Since in NumPy version 1.10 or higher swapaxes returns a view, there is no copying involved and so calling swapaxes is very quick.
Now we can generate a new index order for the last axis:
n = a.shape[axis]
idx = np.random.choice(n, n, replace=False)

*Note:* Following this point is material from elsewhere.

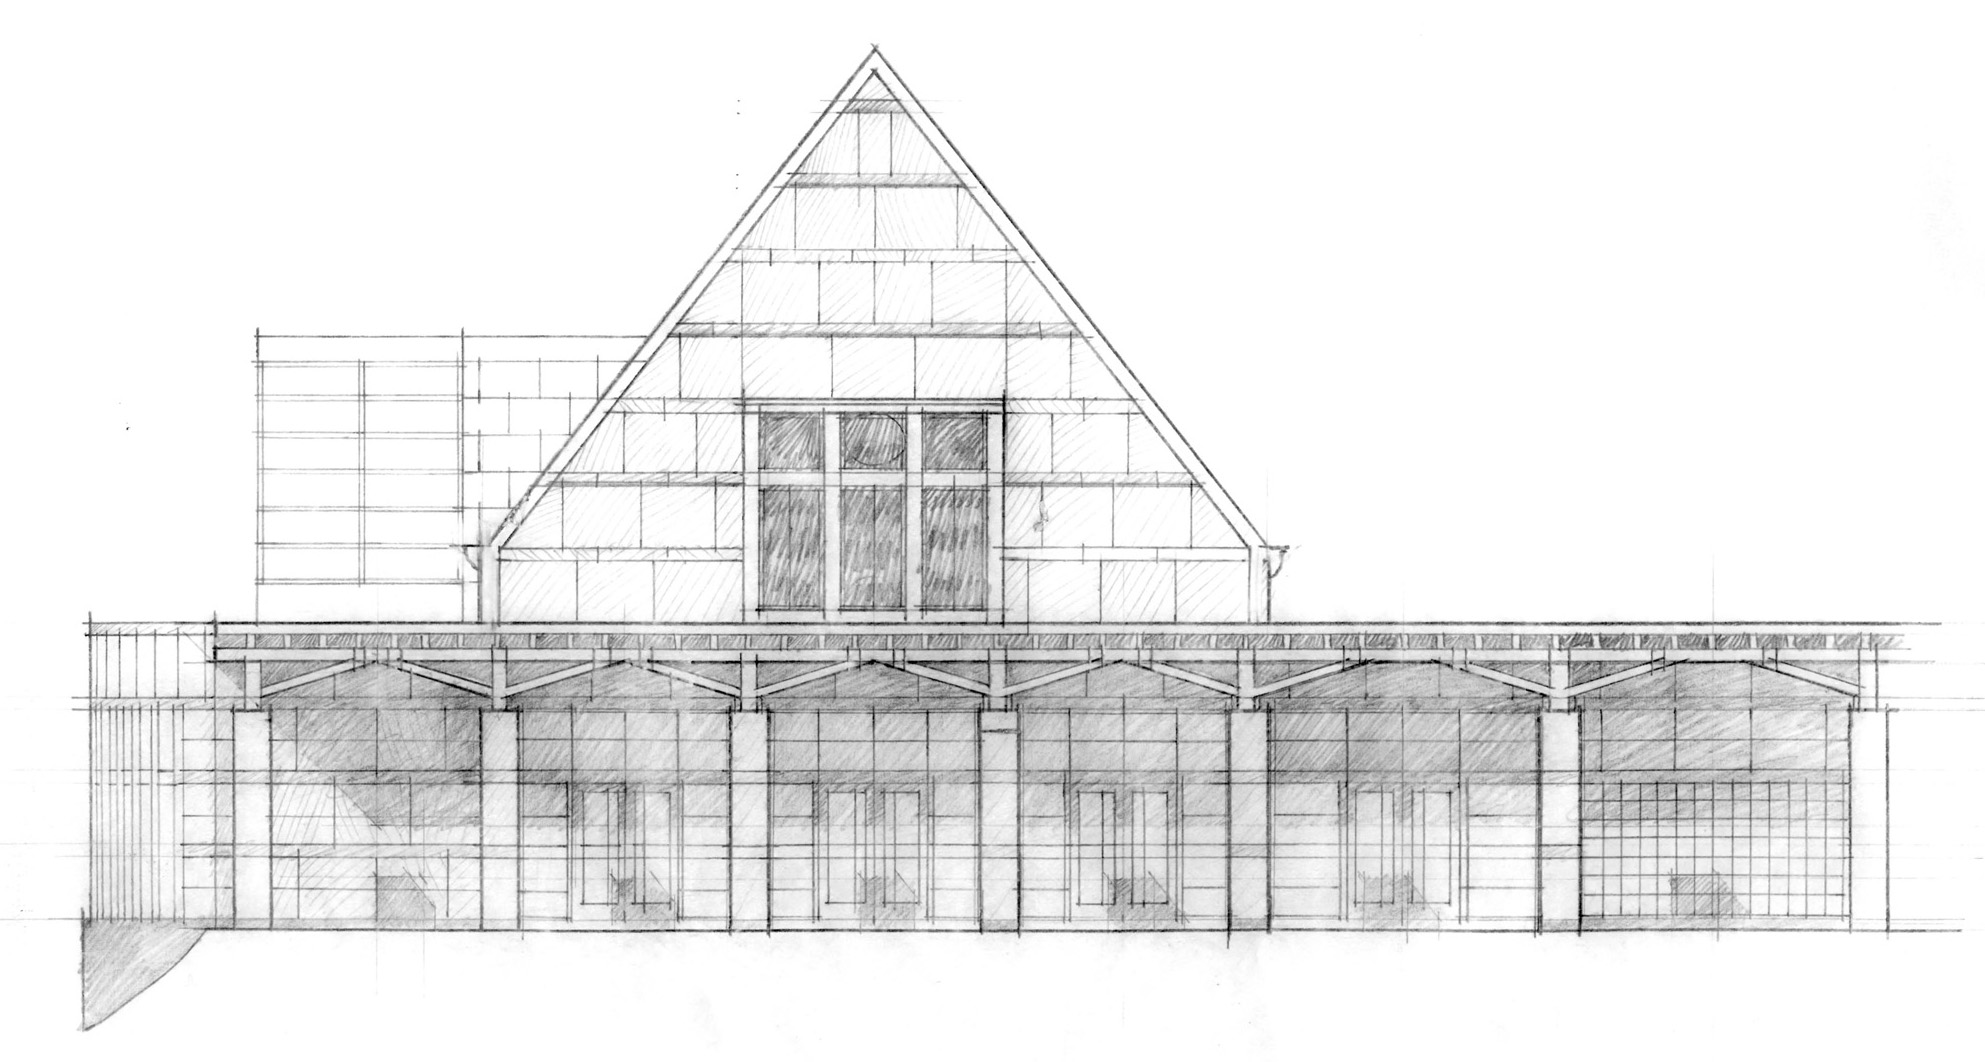 Courtyard Elevation Sketch

Now we can shuffle b (independently along the last axis):
b = b[..., idx]
and then reverse the swapaxes to return an a-shaped result:
return b.swapaxes(axis, -1)
If you don't want a return value and want to operate on the array directly, you can specify the indices to shuffle.
>>> import numpy as np
>>>
>>>
>>> a = np.array([[1,2,3], [1,2,3], [1,2,3]])
>>>
>>> # Shuffle row `2` independently
>>> np.random.shuffle(a[2])
>>> a
array([[1, 2, 3],
[1, 2, 3],
[3, 2, 1]])
>>>
>>> # Shuffle column `0` independently
>>> np.random.shuffle(a[:,0])
>>> a
array([[3, 2, 3],
[1, 2, 3],
[1, 2, 1]])
If you want a return value as well, you can use numpy.random.permutation, in which case replace np.random.shuffle(a[n]) with a[n] = np.random.permutation(a[n]).
Warning, do not do a[n] = np.random.shuffle(a[n]). shuffle does not return anything, so the row/column you end up "shuffling" will be filled with nan instead.

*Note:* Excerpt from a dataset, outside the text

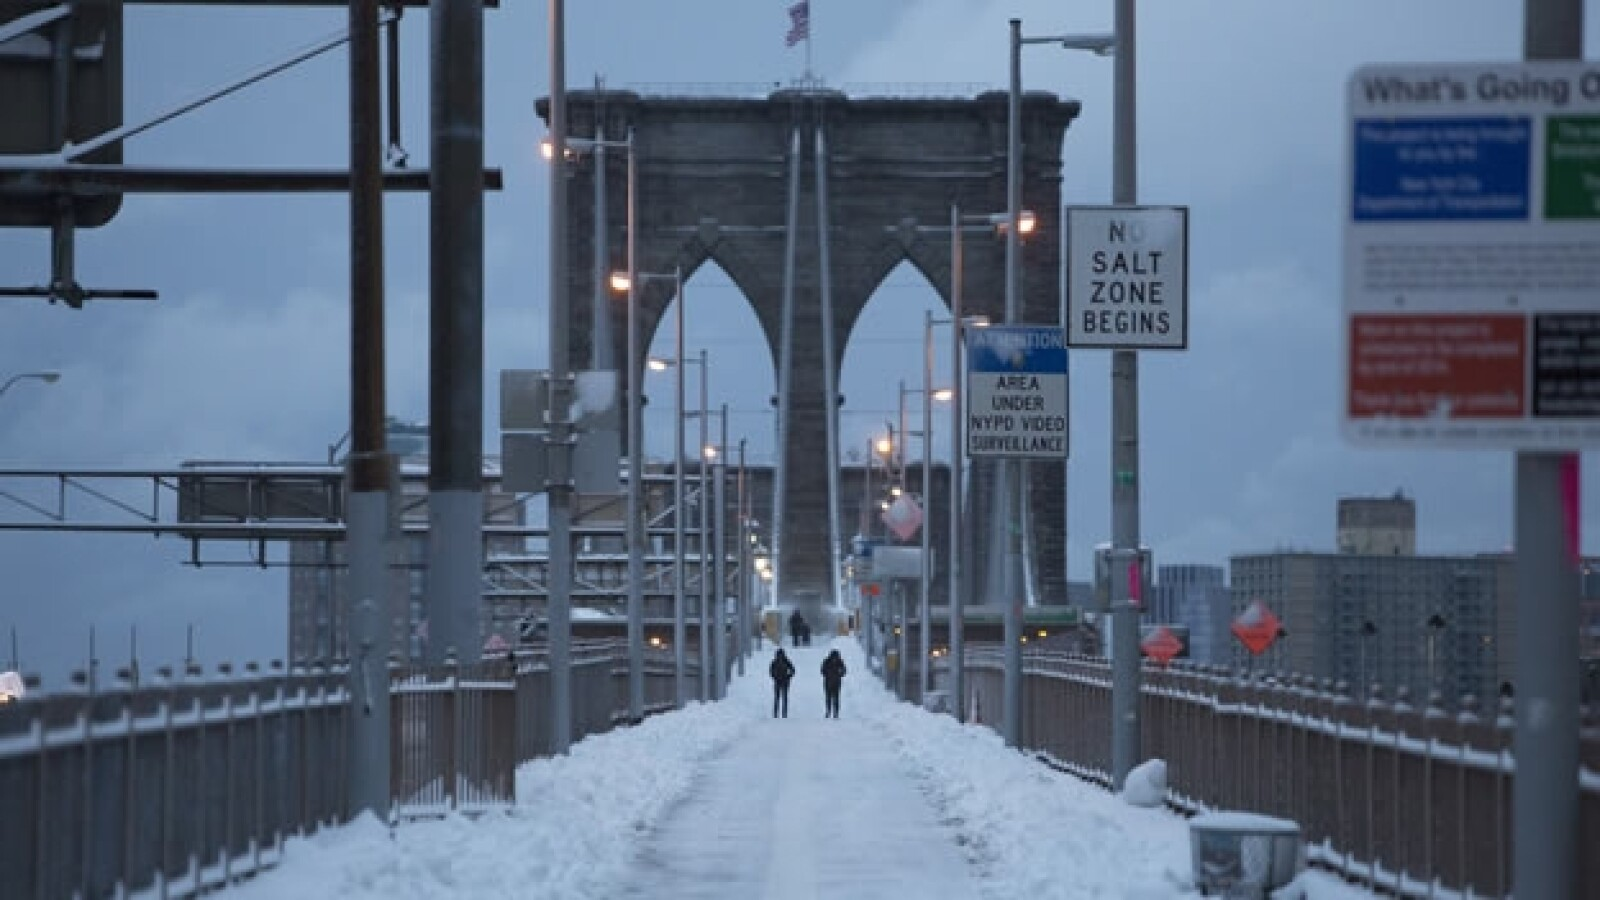 e brooklyn, tormenta invernal

Good answer above. But I will throw in a quick and dirty way:
a = np.array([[1,2,3], [1,2,3], [1,2,3]])
ignore_list_outpput = [np.random.shuffle(x) for x in a]

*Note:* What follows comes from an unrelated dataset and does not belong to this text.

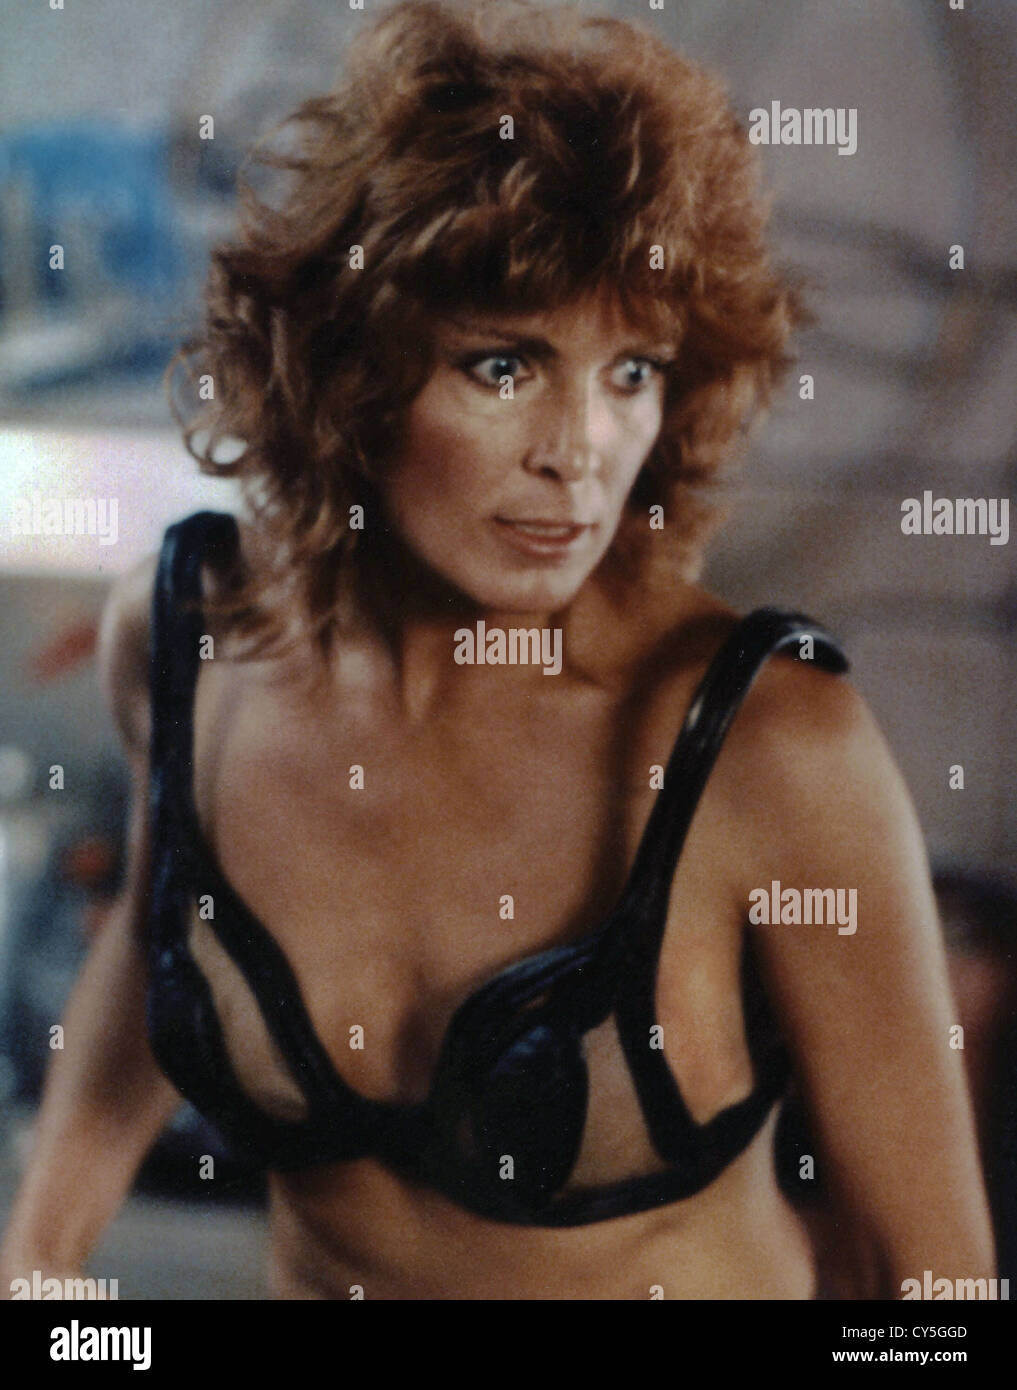 BLADE RUNNER (1982) JOANNA CASSIDY RIDLEY SCOTT (DIR) 034 MOVIESTORE COLLECTION LTD - Stock Image

Then, a can be something like this
array([[2, 1, 3],
[4, 6, 5],
[9, 7, 8]])
Not very elegant but you can get this job done with just one short line.
Building on my comment to #Hun's answer, here's the fastest way to do this:
def shuffle_along(X):
"""Minimal in place independent-row shuffler."""
[np.random.shuffle(x) for x in X]
This works in-place and can only shuffle rows. If you need more options:
def shuffle_along(X, axis=0, inline=False):
"""More elaborate version of the above."""
if not inline:
X = X.copy()
if axis == 0:
[np.random.shuffle(x) for x in X]
if axis == 1:
[np.random.shuffle(x) for x in X.T]
if not inline:
return X
This, however, has the limitation of only working on 2d-arrays. For higher dimensional tensors, I would use:
def shuffle_along(X, axis=0, inline=True):
"""Shuffle along any axis of a tensor."""
if not inline:
X = X.copy()
np.apply_along_axis(np.random.shuffle, axis, X) # <-- I just changed this
if not inline:
return X
You can do it with numpy without any loop or extra function, and much more faster. E. g., we have an array of size (2, 6) and we want a sub array (2,2) with independent random index for each column.
import numpy as np
test = np.array([[1, 1],
[2, 2],
[0.5, 0.5],
[0.3, 0.3],
[4, 4],
[7, 7]])
id_rnd = np.random.randint(6, size=(2, 2)) # select random numbers, use choice and range if don want replacement.
new = np.take_along_axis(test, id_rnd, axis=0)
Out:
array([[2. , 2. ],
[0.5, 2. ]])
It works for any number of dimensions.
As of NumPy 1.20.0 released in January 2021 we have a permuted() method on the new Generator type (introduced with the new random API in NumPy 1.17.0, released in July 2019). This does exactly what you need:
import numpy as np
rng = np.random.default_rng()
a = np.array([
[1, 2, 3],
[1, 2, 3],
[1, 2, 3],
])
shuffled = rng.permuted(a, axis=1)
This gives you something like
>>> print(shuffled)
[[2 3 1]
[1 3 2]
[2 1 3]]
As you can see, the rows are permuted independently. This is in sharp contrast with both rng.permutation() and rng.shuffle().
If you want an in-place update you can pass the original array as the out keyword argument. And you can use the axis keyword argument to choose the direction along which to shuffle your array.